(Beginning of DATA SECTION)
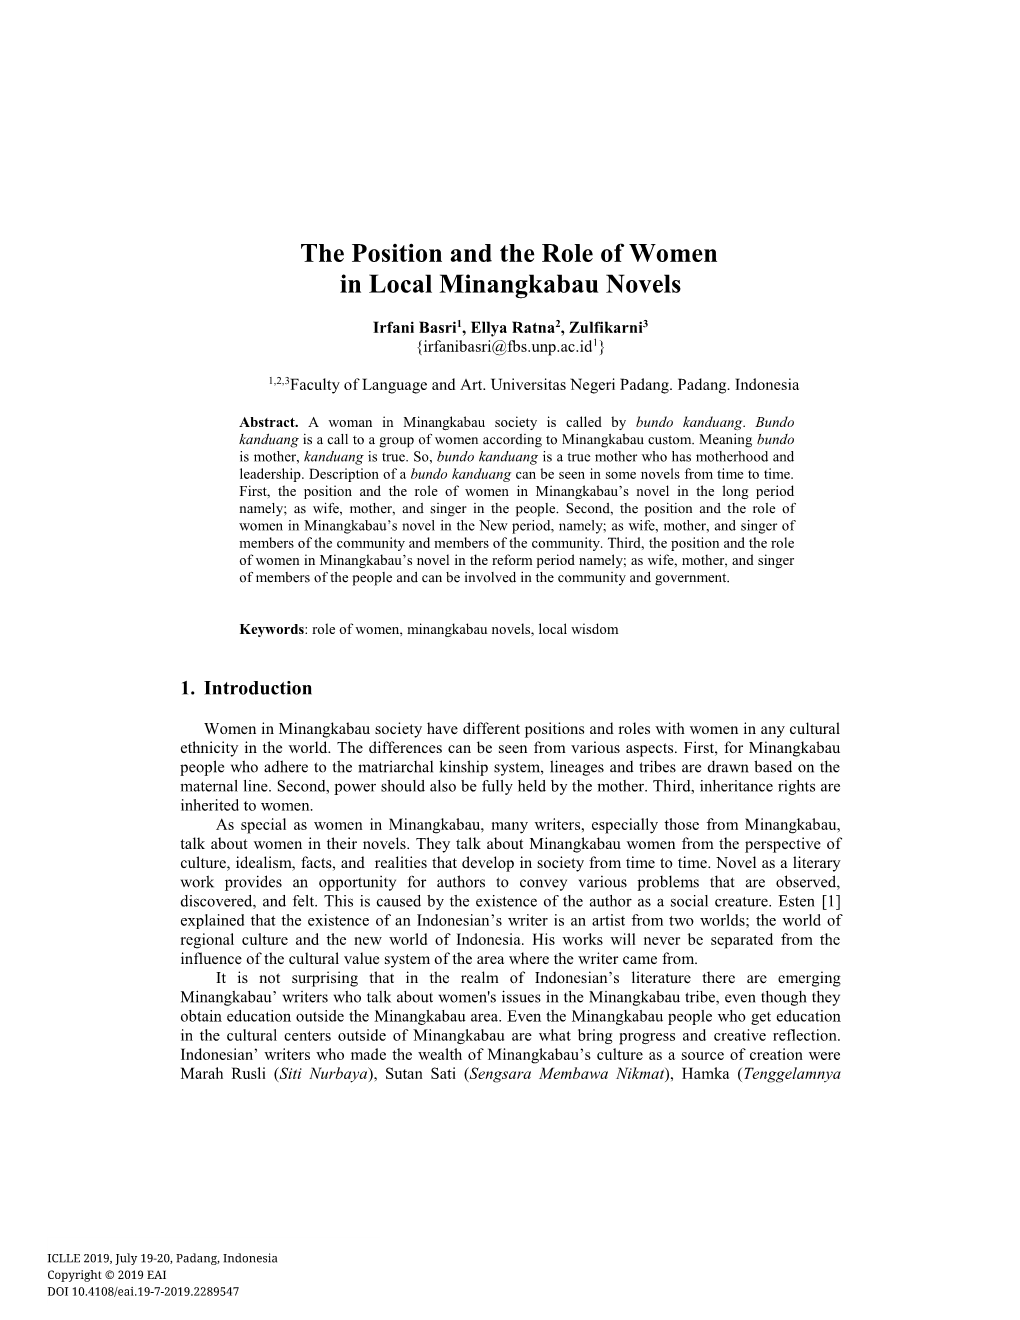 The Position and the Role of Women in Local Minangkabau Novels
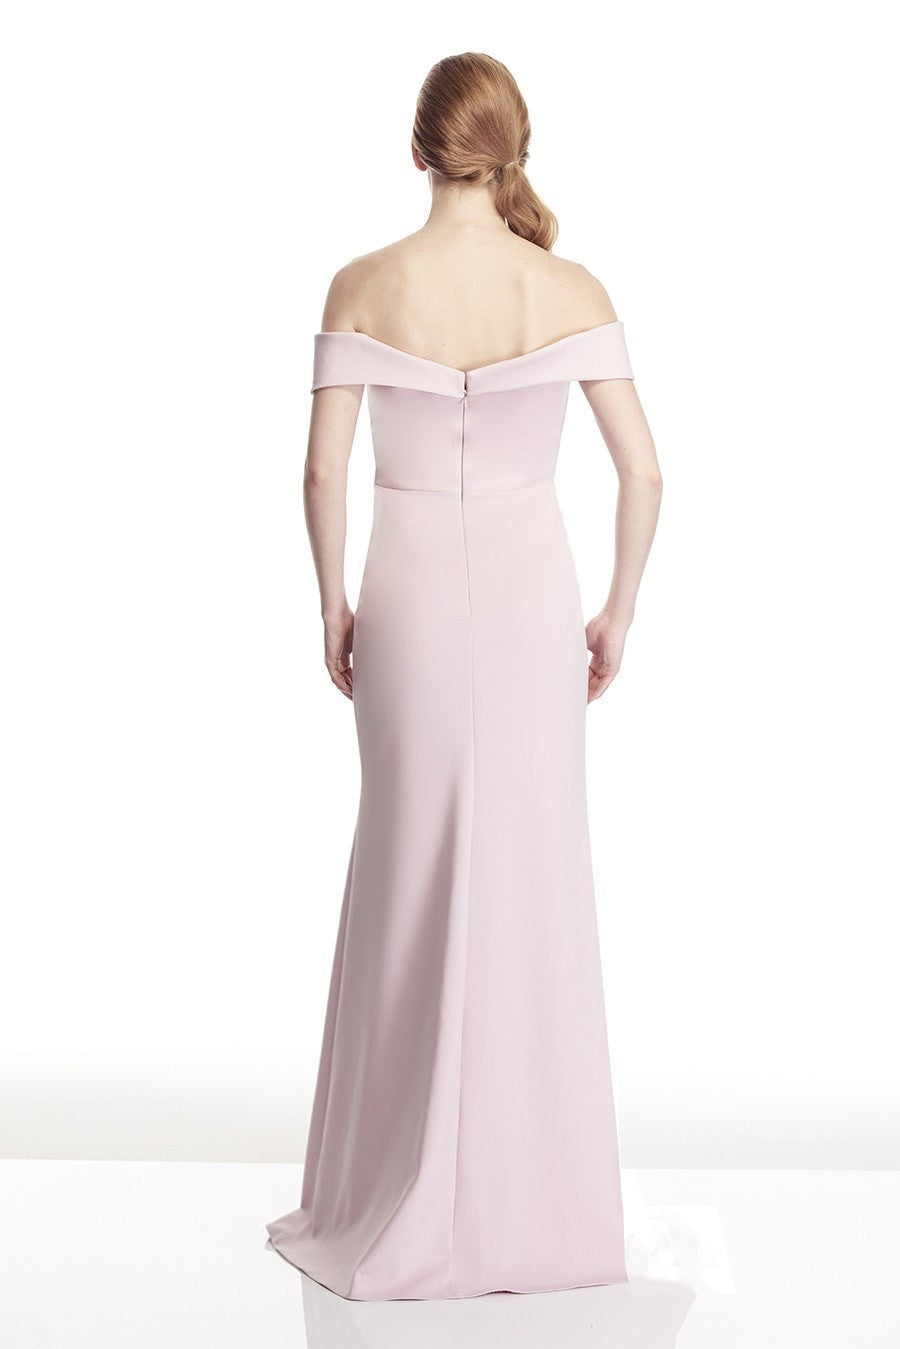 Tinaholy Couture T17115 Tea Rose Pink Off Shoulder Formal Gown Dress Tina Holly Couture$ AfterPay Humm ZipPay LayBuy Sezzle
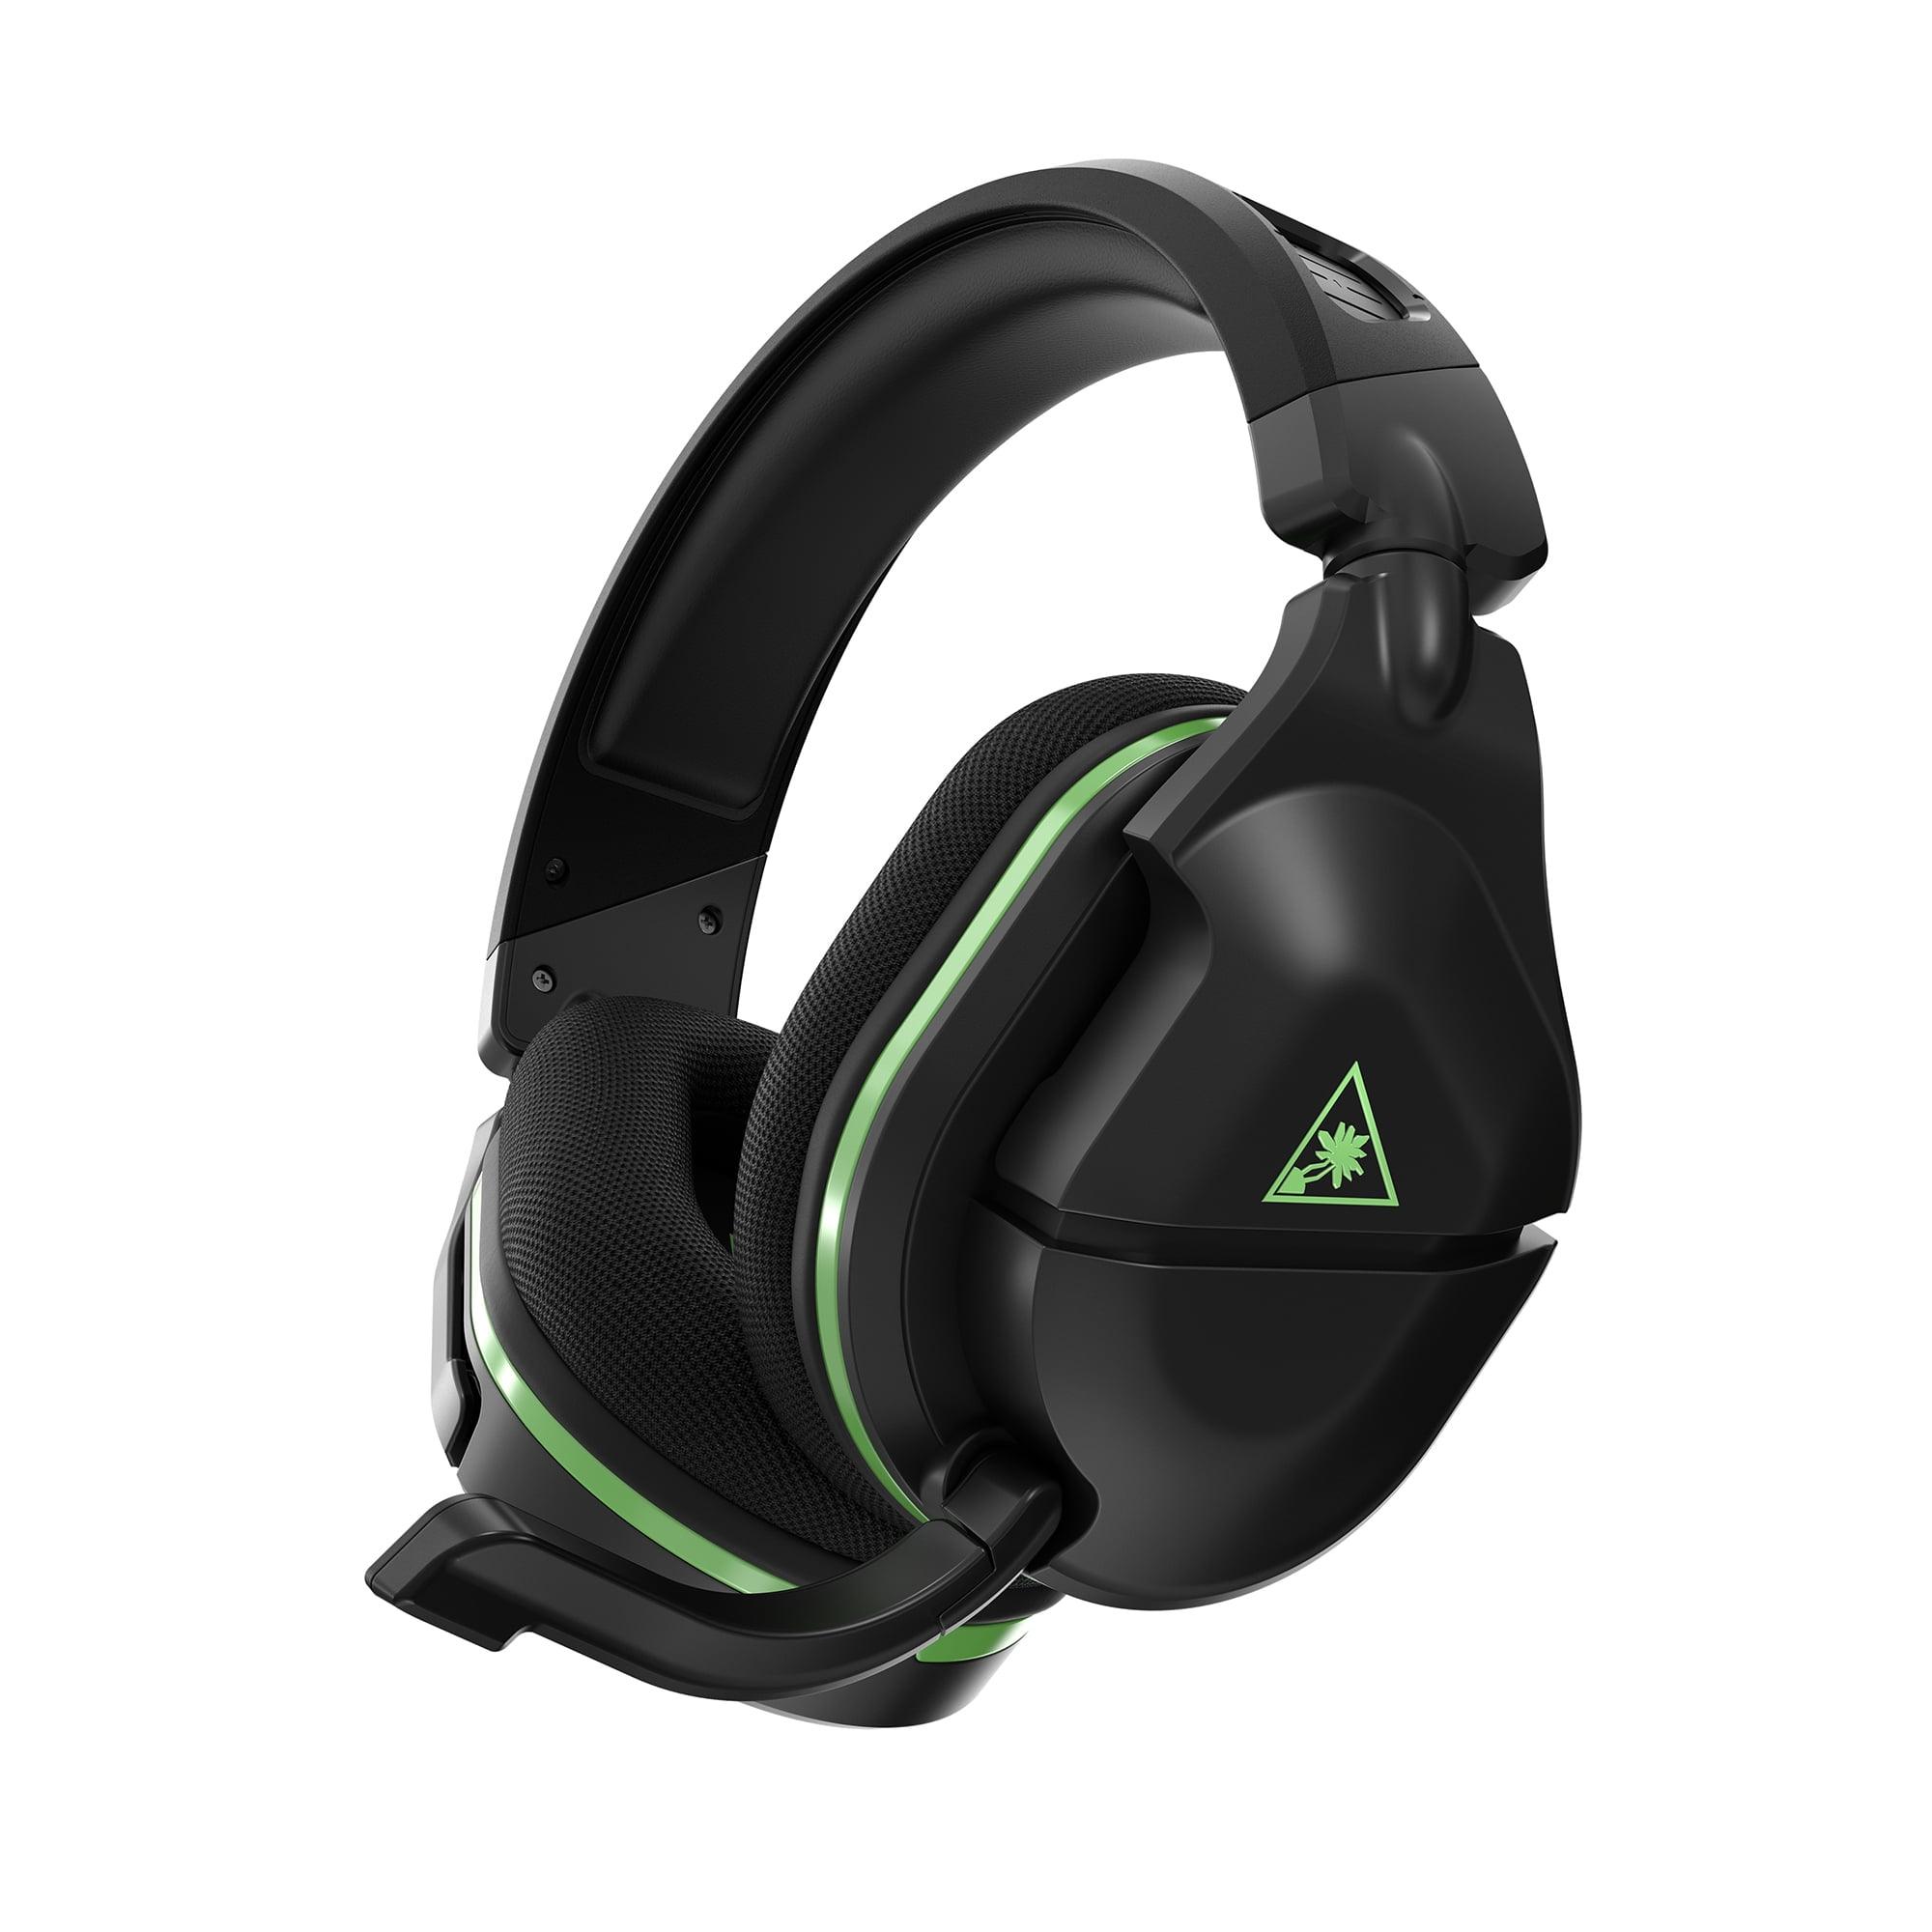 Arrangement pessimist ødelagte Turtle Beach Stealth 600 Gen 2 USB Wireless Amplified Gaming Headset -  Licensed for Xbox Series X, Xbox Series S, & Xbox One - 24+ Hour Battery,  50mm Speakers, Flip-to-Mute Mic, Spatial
(End of DATA SECTION)
Transcribe the listing above verbatim. No picture belongs in the result.

 The Position and the Role of Women in Local Minangkabau Novels
 Tinaholy Couture T17115 Tea Rose Pink Off Shoulder Formal Gown Dress Tina Holly Couture$ AfterPay Humm ZipPay LayBuy Sezzle
 Arrangement pessimist ødelagte Turtle Beach Stealth 600 Gen 2 USB Wireless Amplified Gaming Headset -  Licensed for Xbox Series X, Xbox Series S, & Xbox One - 24+ Hour Battery,  50mm Speakers, Flip-to-Mute Mic, Spatial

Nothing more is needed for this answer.